Data excerpt =
______

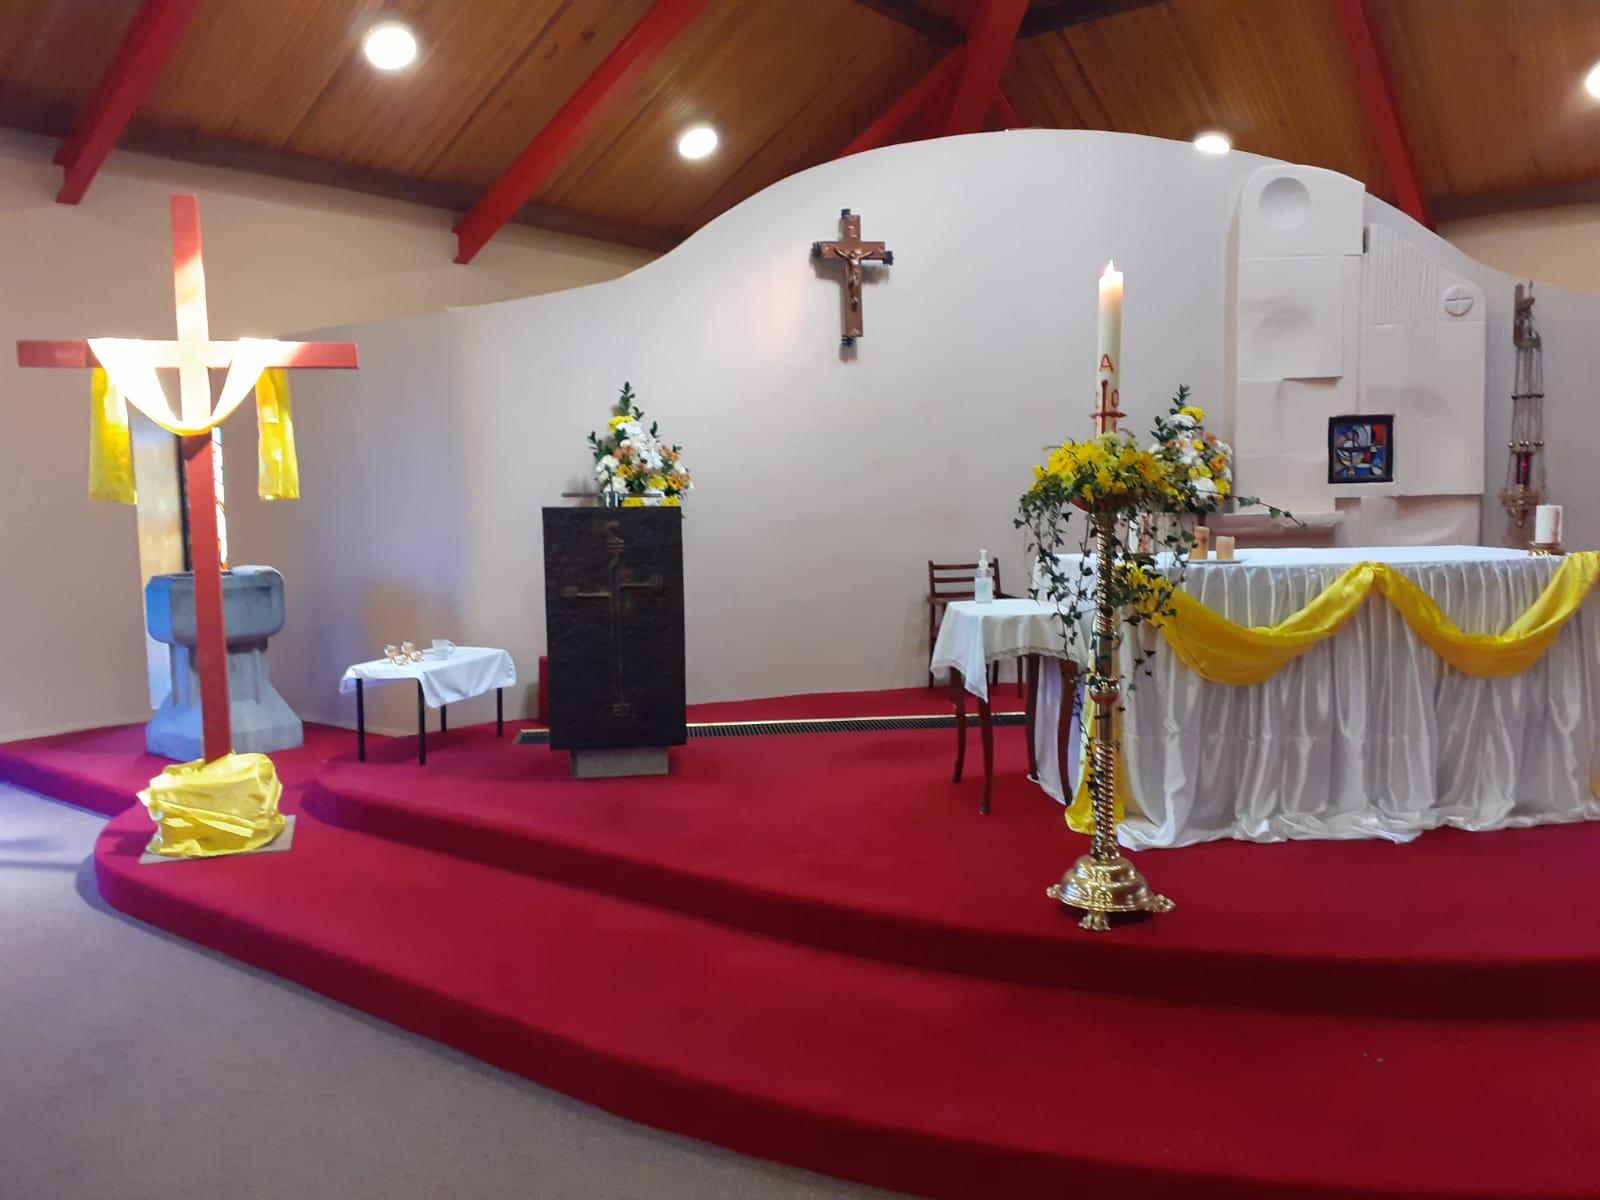 Patrickswell Church - Eastertide 2021
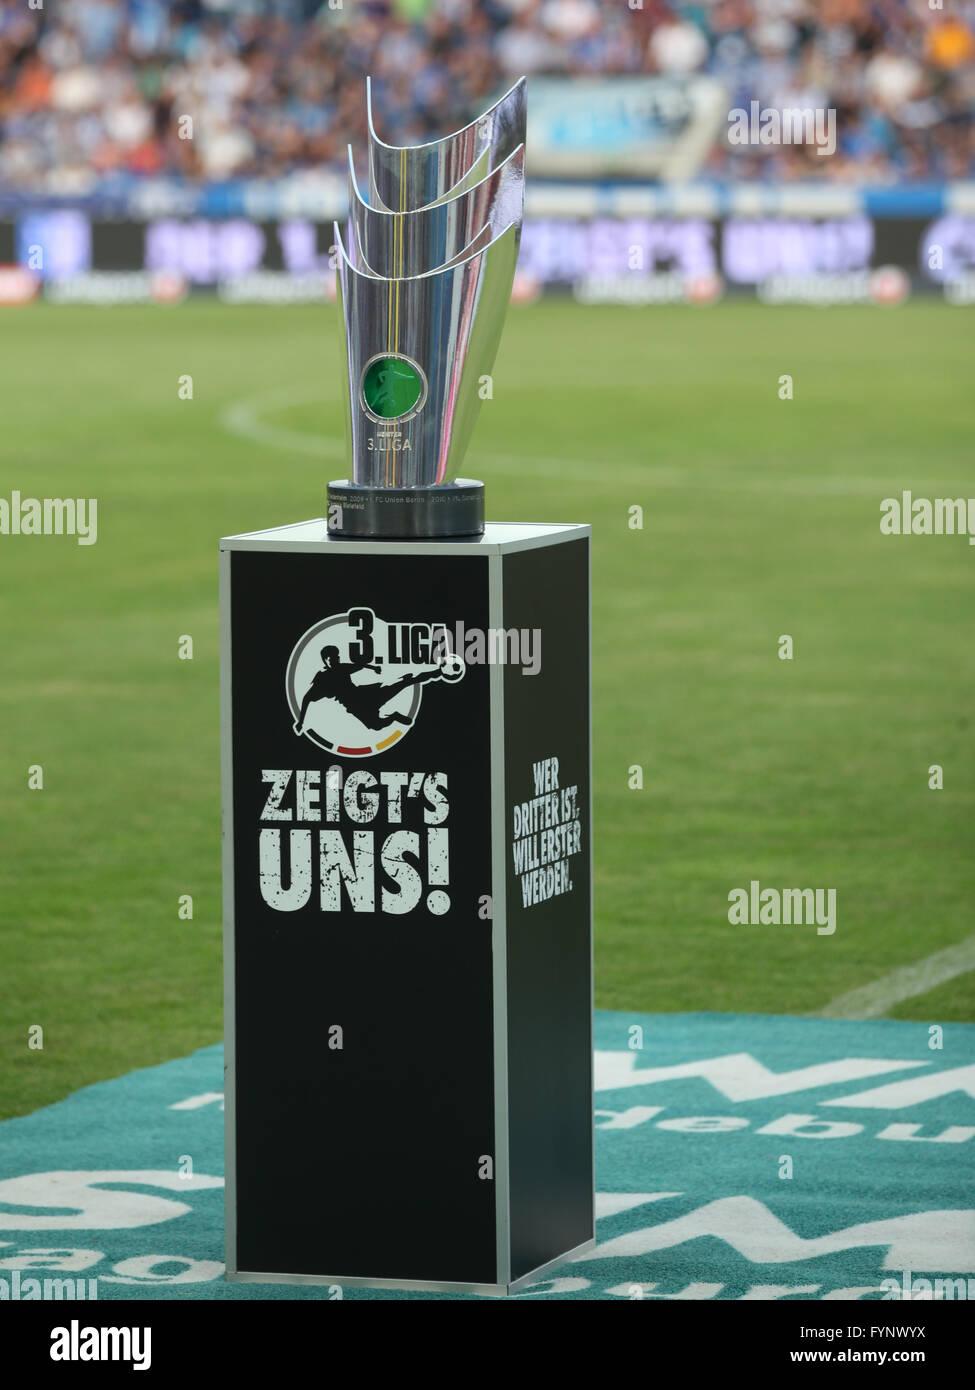 3.Liga DFB Cup Champion - Stock Image
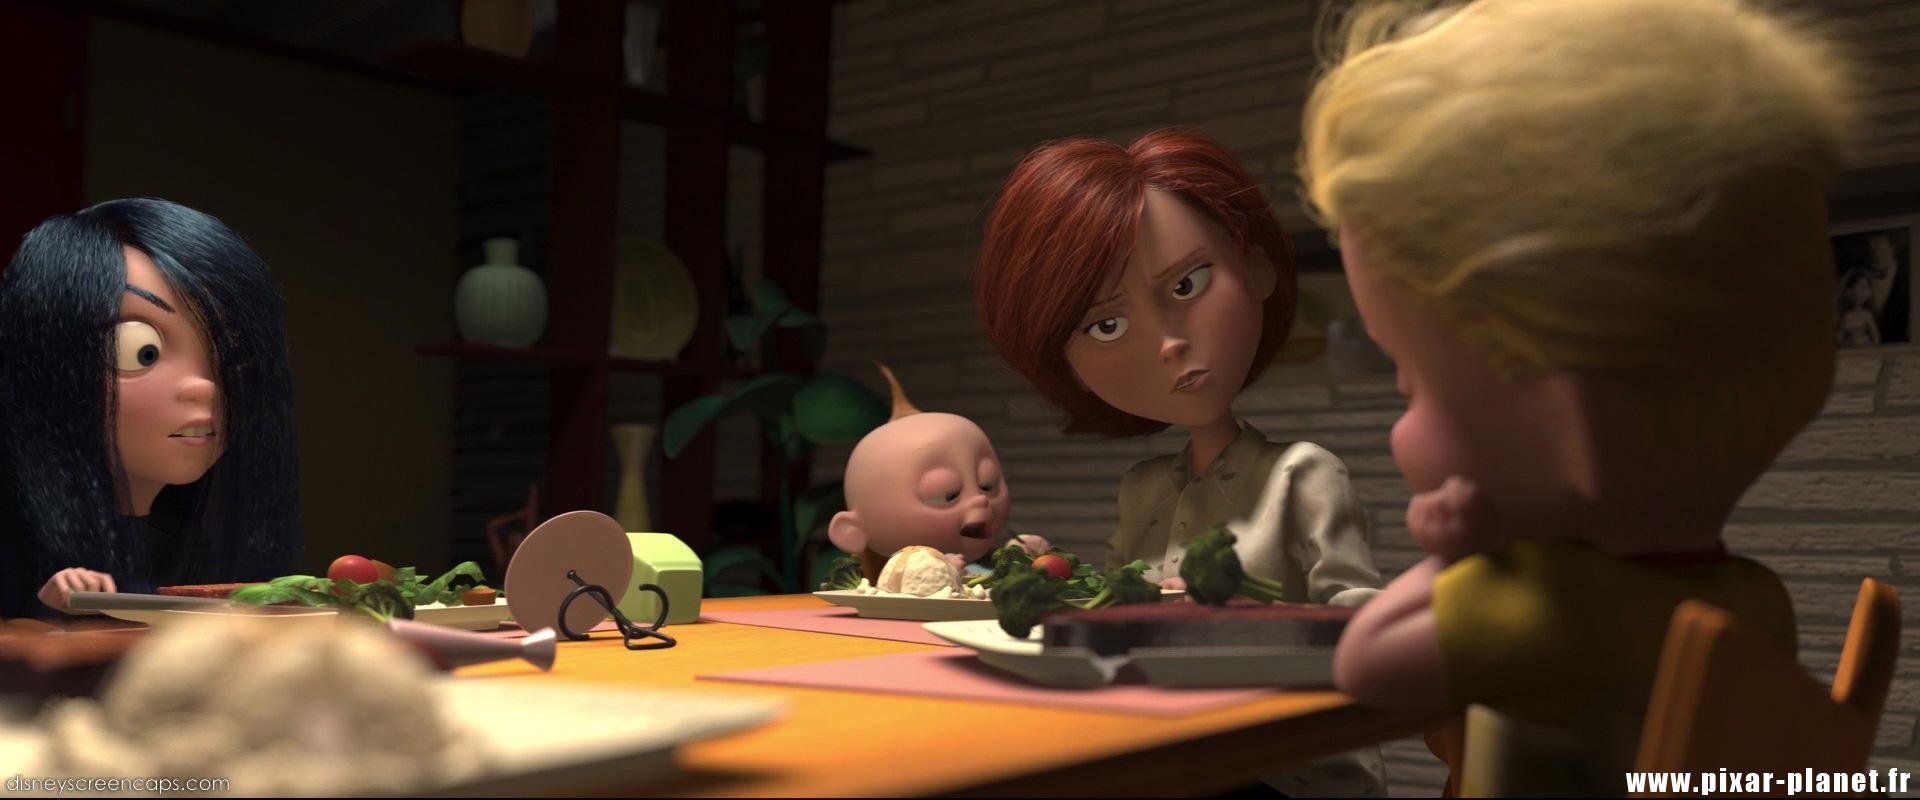 Pixar Planet Disney indestructibles incredibles
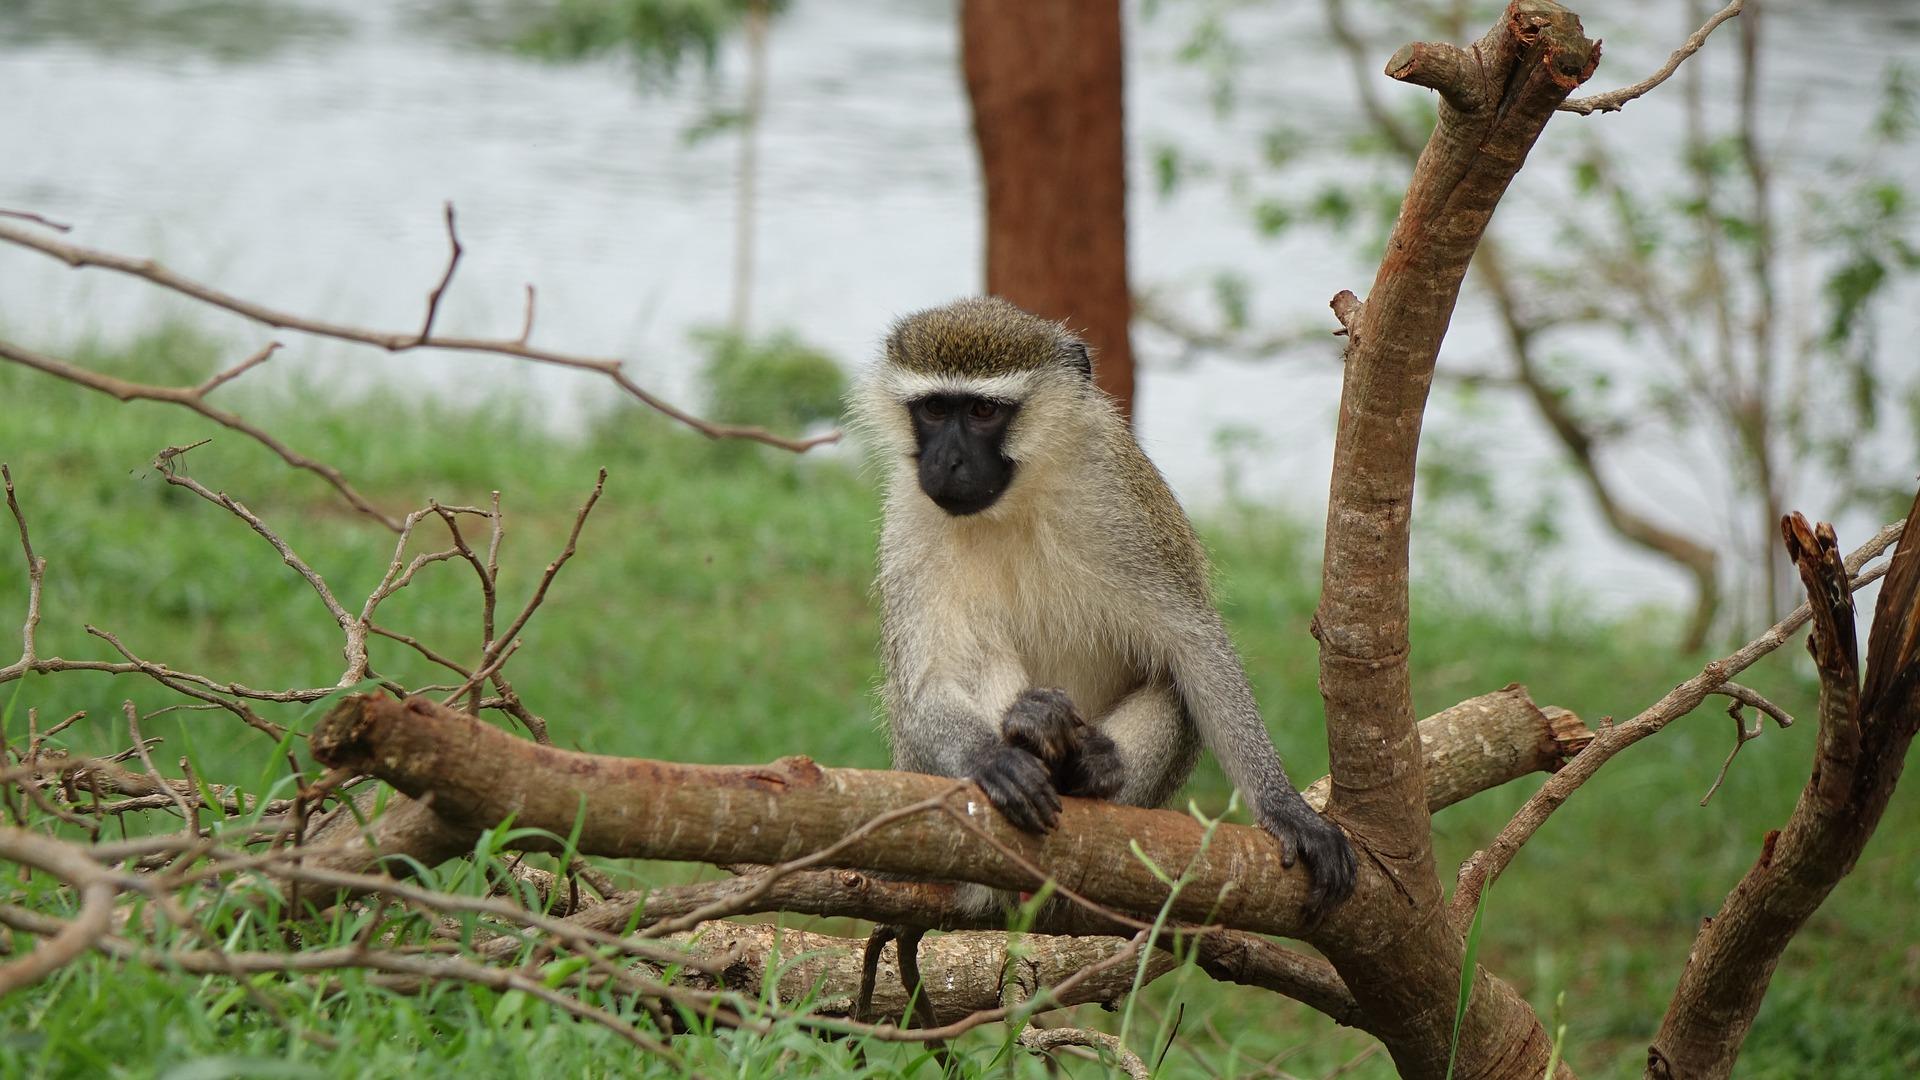 Monkey in Small Tree

______

Transcribe, please, the lines from the one holding "Pixar Planet Disney" to the final line of the material, both included, exactly and with no extra lines, and skip the pictures.

Exercise solution =
 Pixar Planet Disney indestructibles incredibles
 Monkey in Small Tree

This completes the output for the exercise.